Reproduce exactly the lines from the one containing "Yadon Family Font" through the last line of the records below, both included. Leave out any pictures.

§ **PROVIDED ENTRIES**
⁂
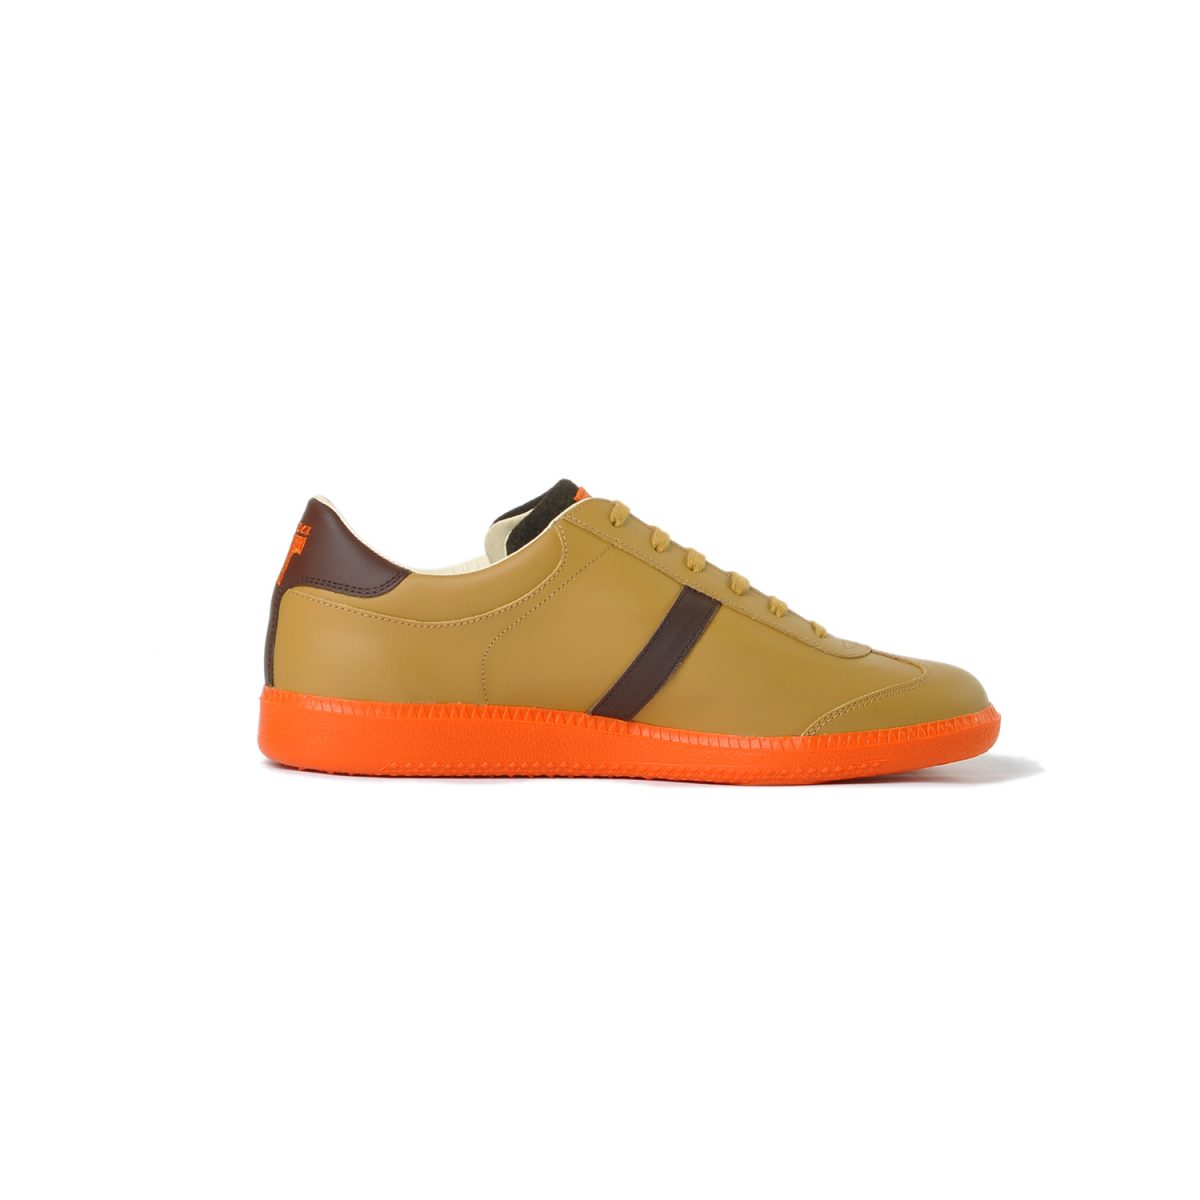 Tisza shoes - Compakt - Sand-brown
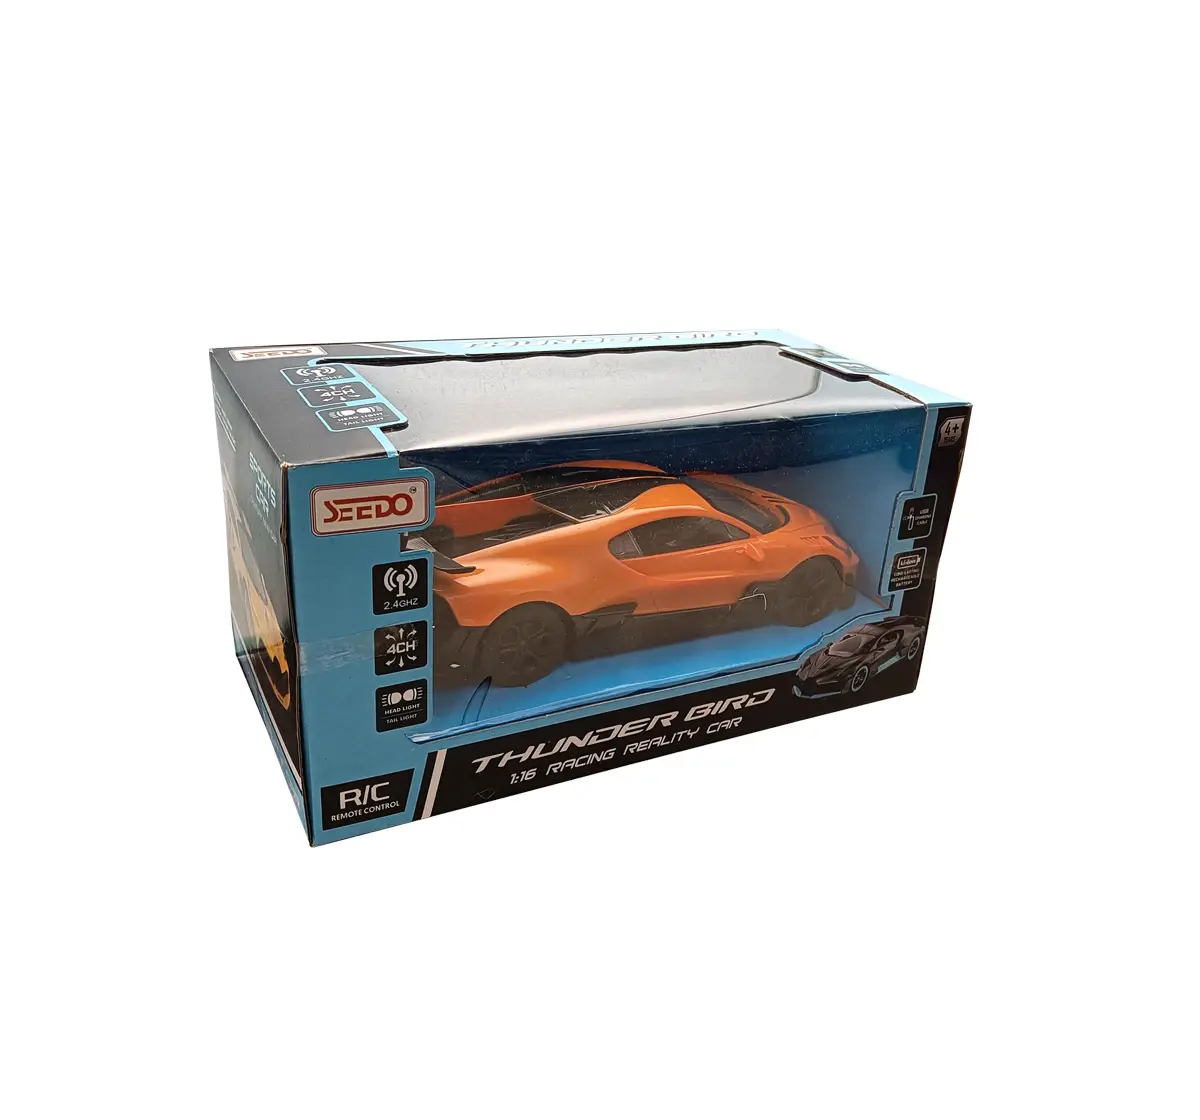 Seedo Electric Remote Controlled Thunder Bird Racing Car For Kids of Age 4Y+, Orange, Orange
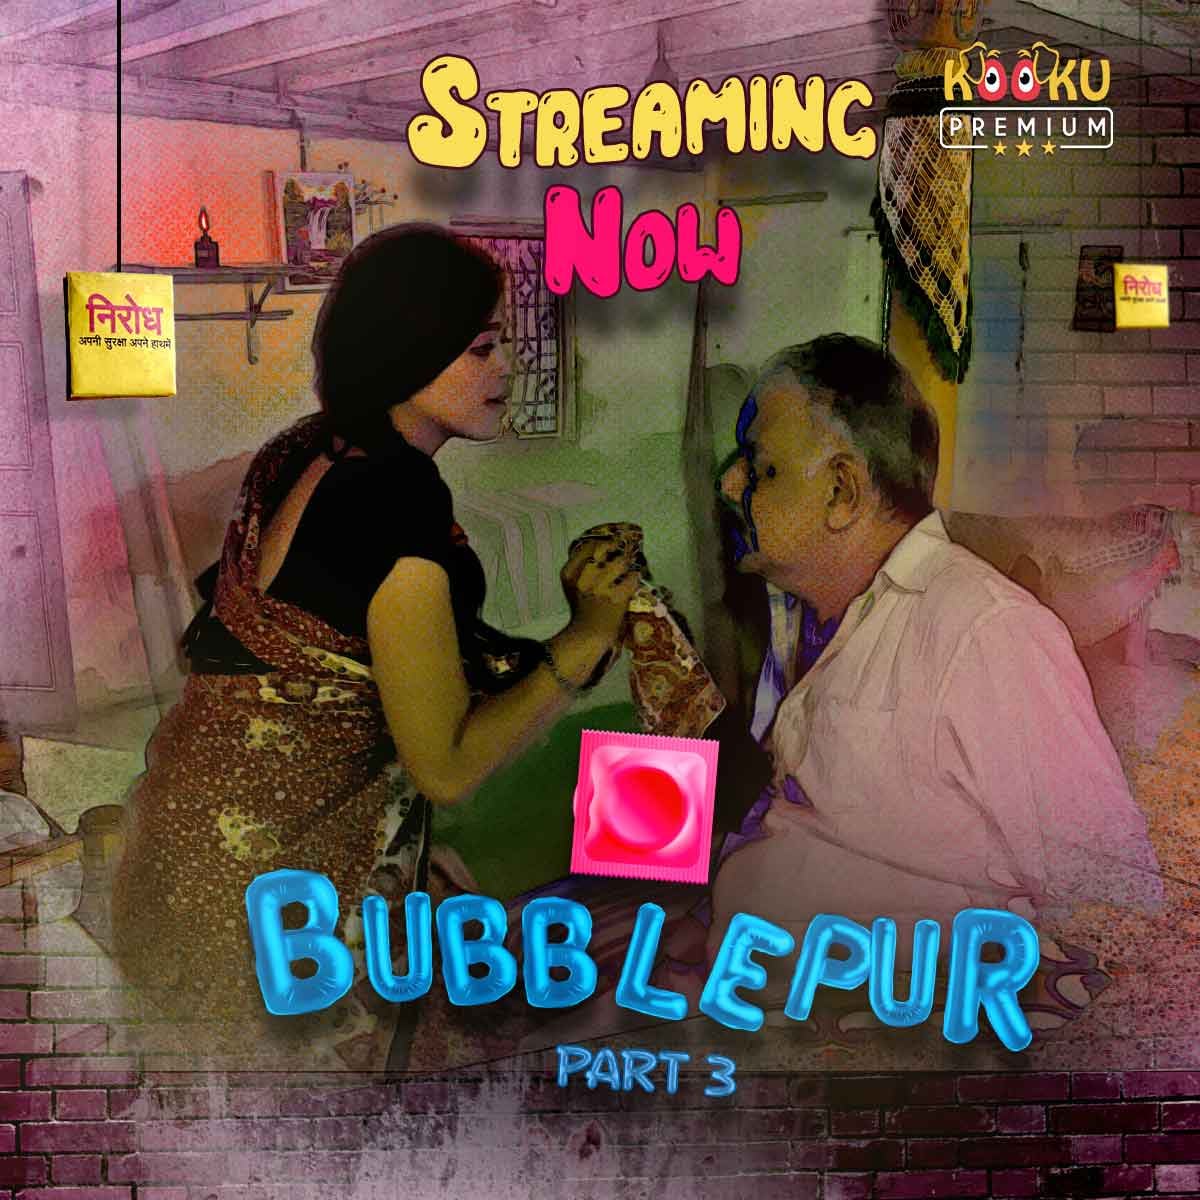 Bubblepur Part 3 2021 Hindi Kooku Originals Web Series 720p HDRip 100MB Download
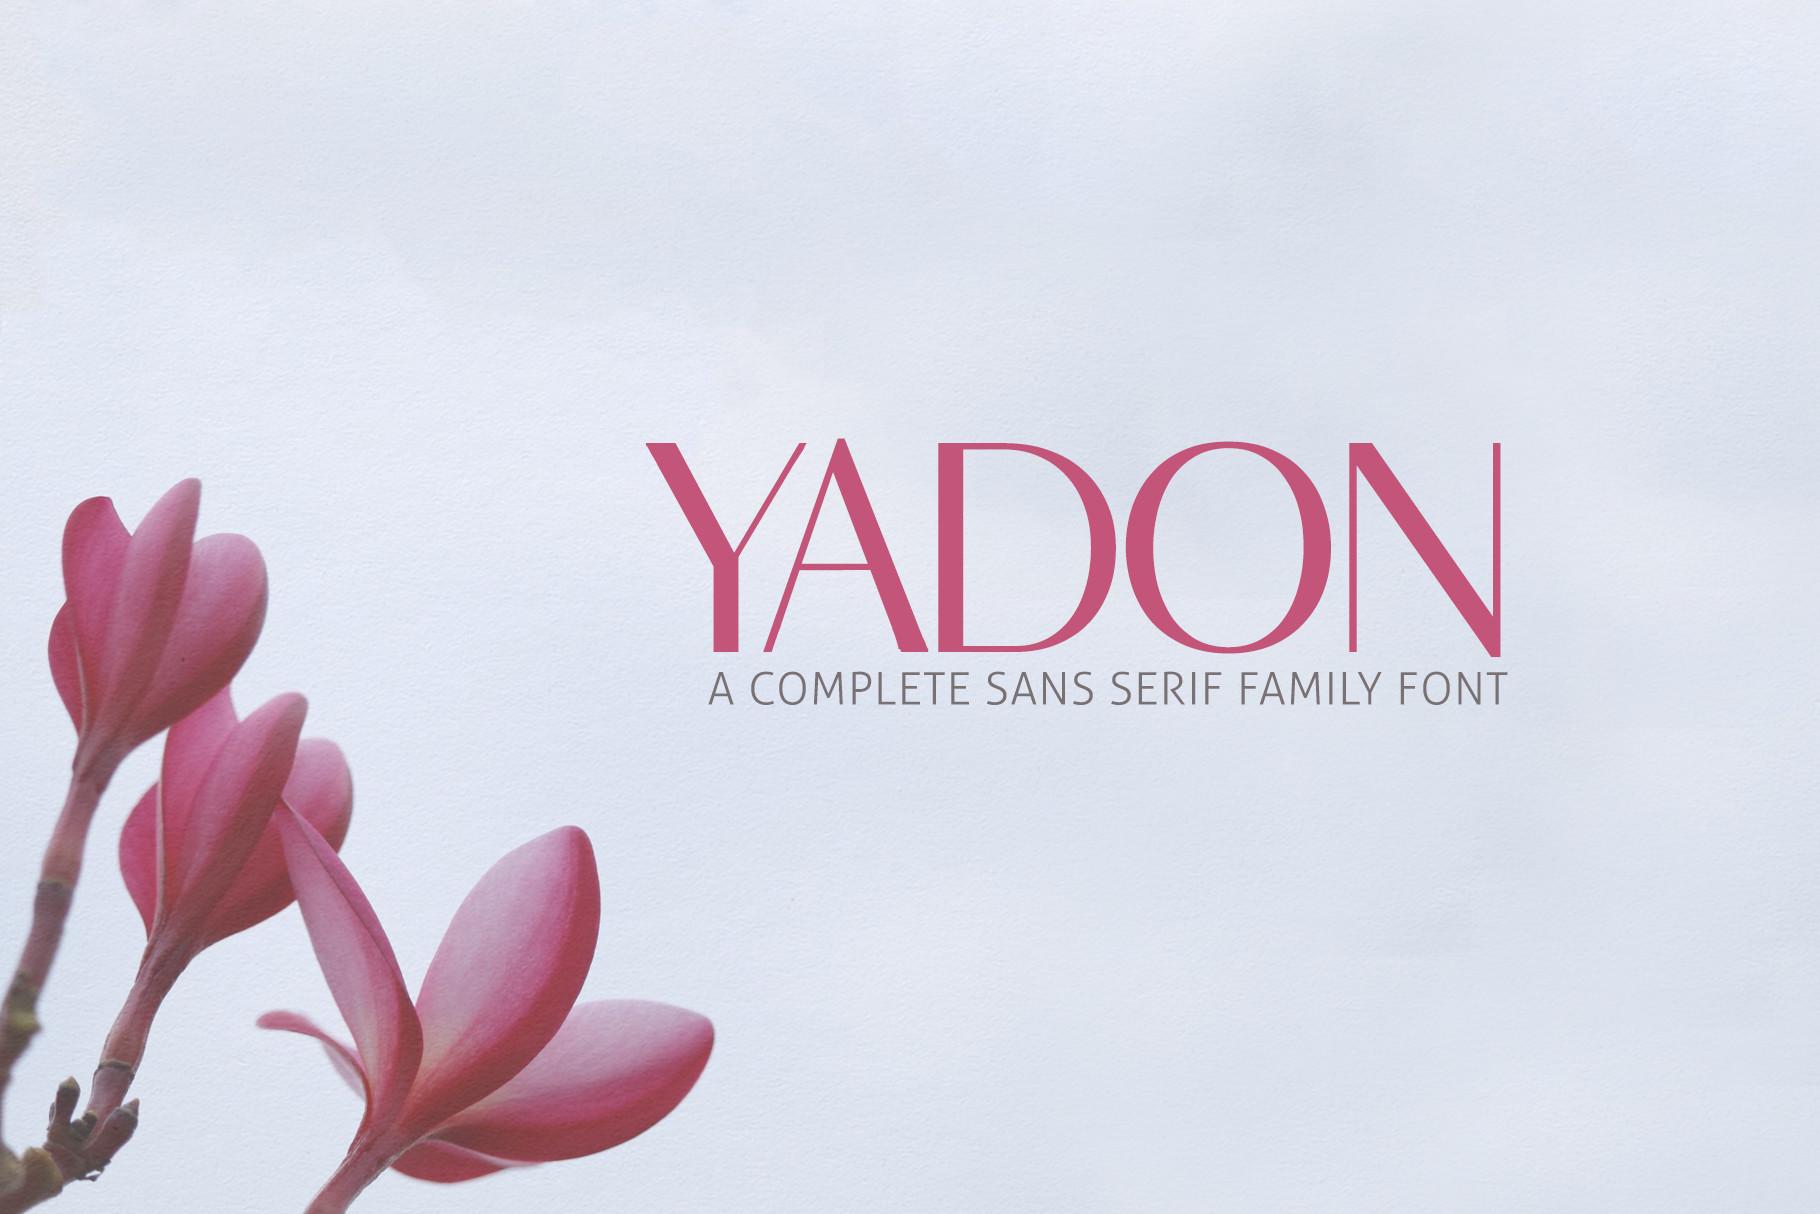 Yadon Family Font
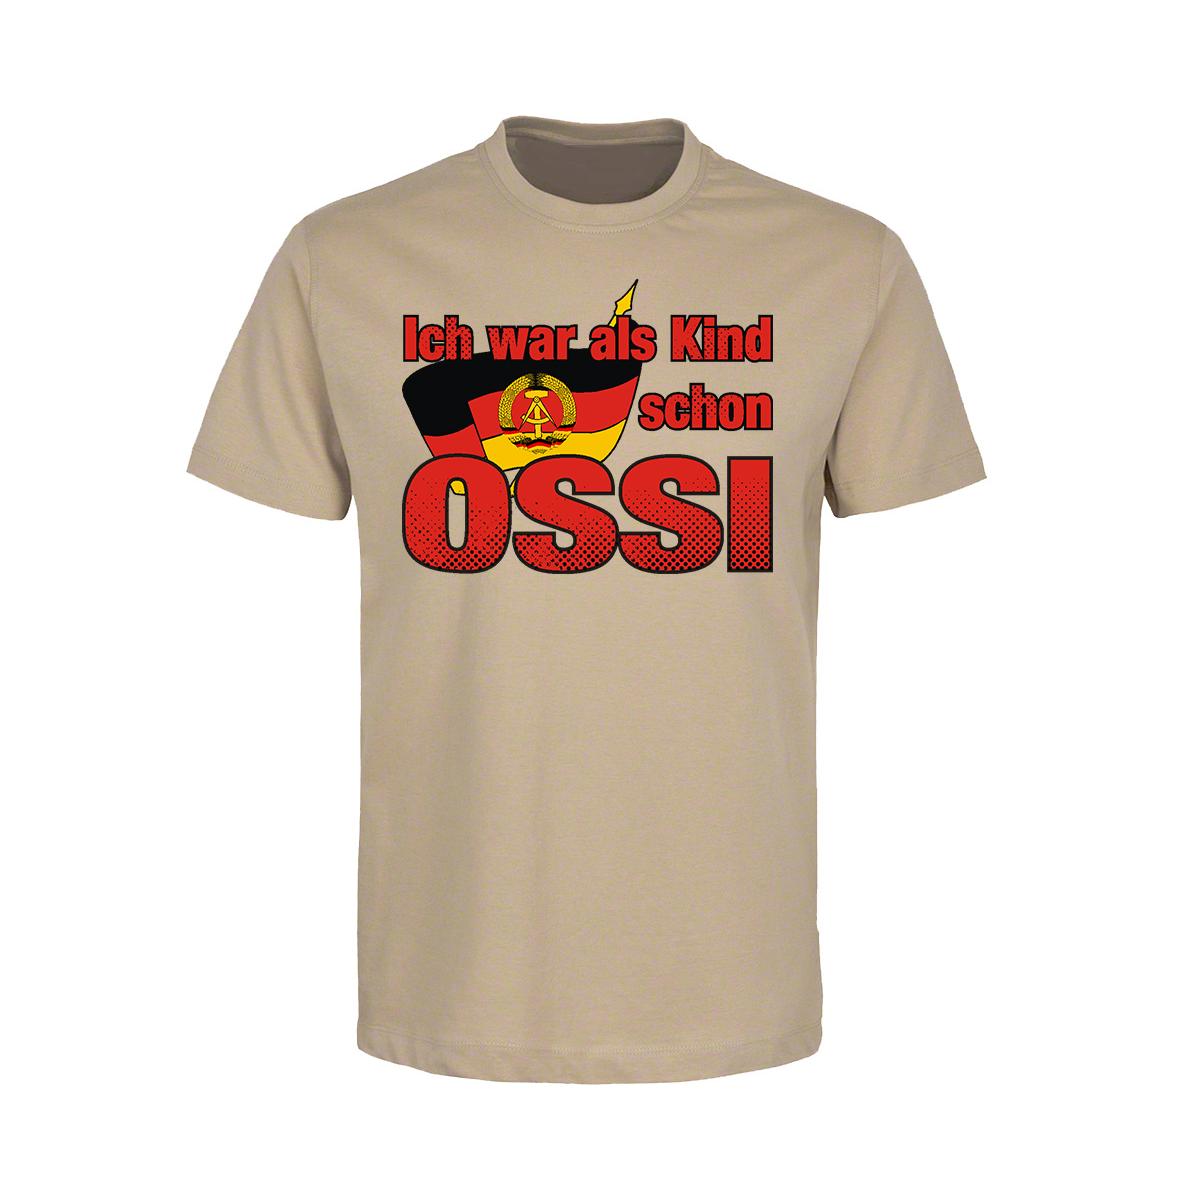 Ich war als Kind schon Ossi - Männer T-Shirt - beige
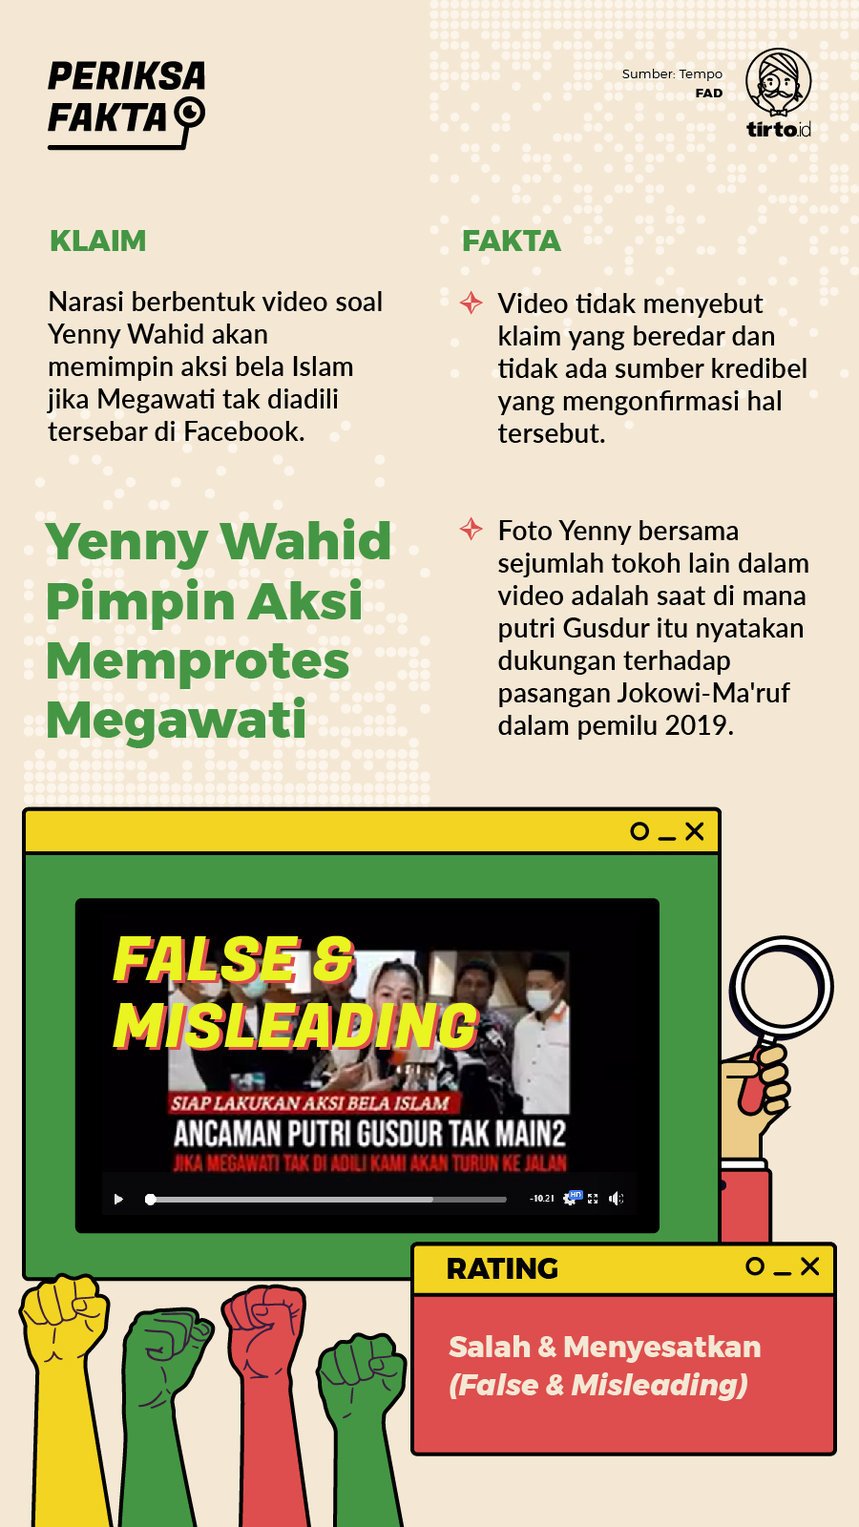 Infografik Periksa Fakta Yenny Wahid
⁂
§ **TASK RESPONSE**
 Yadon Family Font
 Ich war als Kind schon Ossi - Männer T-Shirt - beige
 Infografik Periksa Fakta Yenny Wahid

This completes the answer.